Issue 5, 2024

Gradient-integrated bilayer solid polymer electrolyte enabling enhanced room-temperature cyclability for rechargeable lithium metal batteries

Abstract

Simultaneous maintenance of interfacial stability of solid polymer electrolytes (SPEs) towards both high-potential cathodes and highly active Li anodes is still a significant challenge in rechargeable lithium metal batteries (LMBs).
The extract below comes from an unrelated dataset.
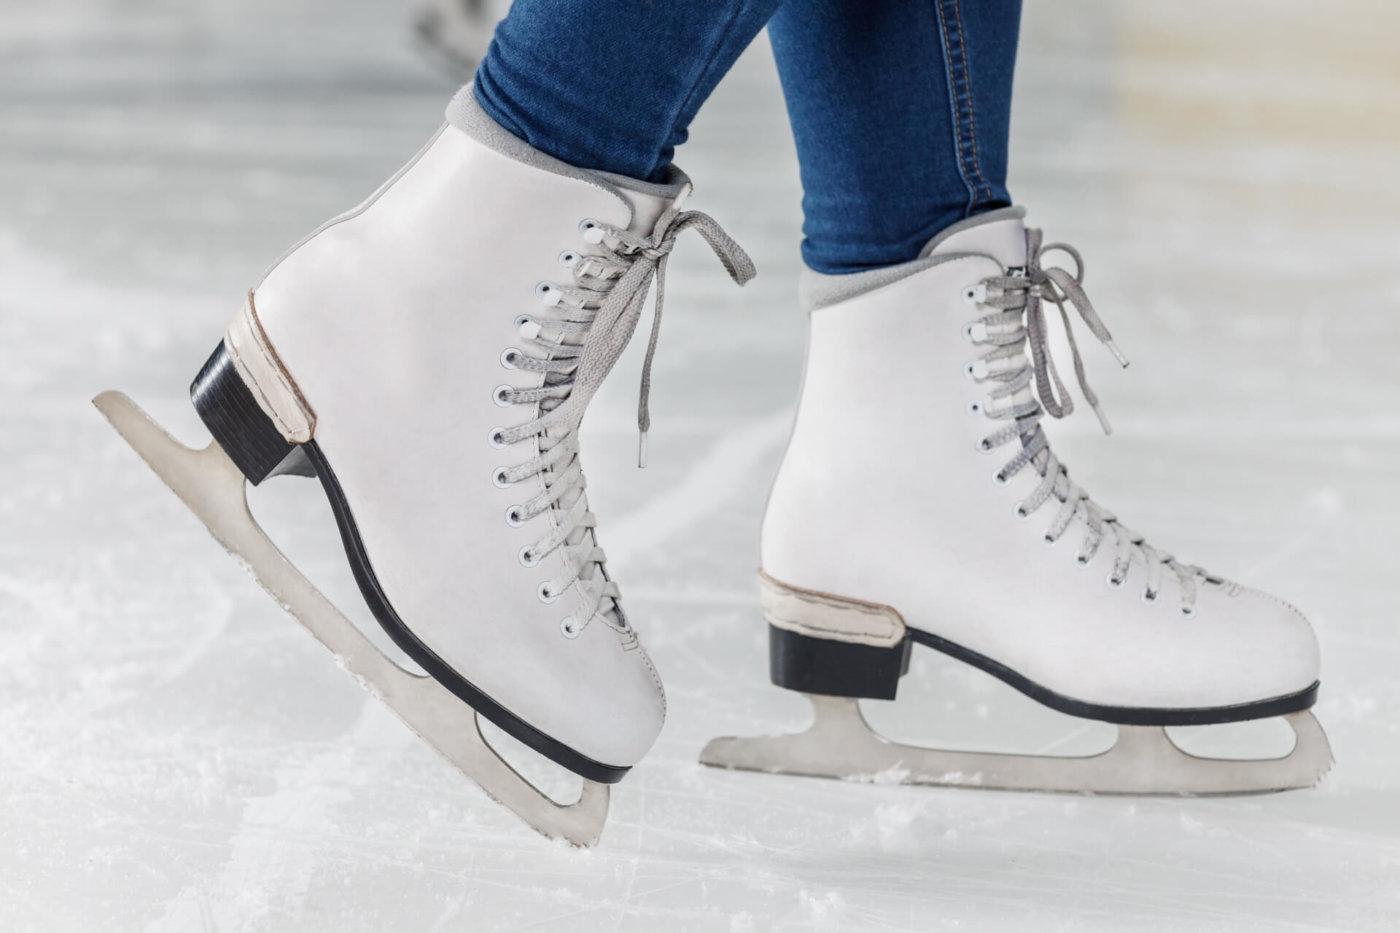 スケート王者・羽生結弦のすごさまとめ

In this study, a bilayer SPE was prepared via a facile two-step coating strategy, in which an oxidation-resistant poly(vinylidene fluoride) (PVDF) layer incorporating ionic liquid (IL) and LiODFB additive was used for stabilizing the cathode surface, and a reduction-friendly polyethylene oxide (PEO) layer combined with a suitable amount of succinonitrile (SN) and Li6.4La3Zr1.4Ta0.6O12 (LLZTO) was fabricated for maintaining the anode compatibility. The resultant bilayer SPE possessed a unique architecture of gradient concentration integration with negligible Li+ migration discontinuity across the additional electrolyte interface, providing favorable overall properties in terms of ionic conductivity, Li+ transference number, mechanical strength and thermal stability. Furthermore, the combination effect of the two polymer layers greatly improved the interface properties of the cathode/anode, enabling the LMBs to operate at room temperature with extended cycle life and good rate capability.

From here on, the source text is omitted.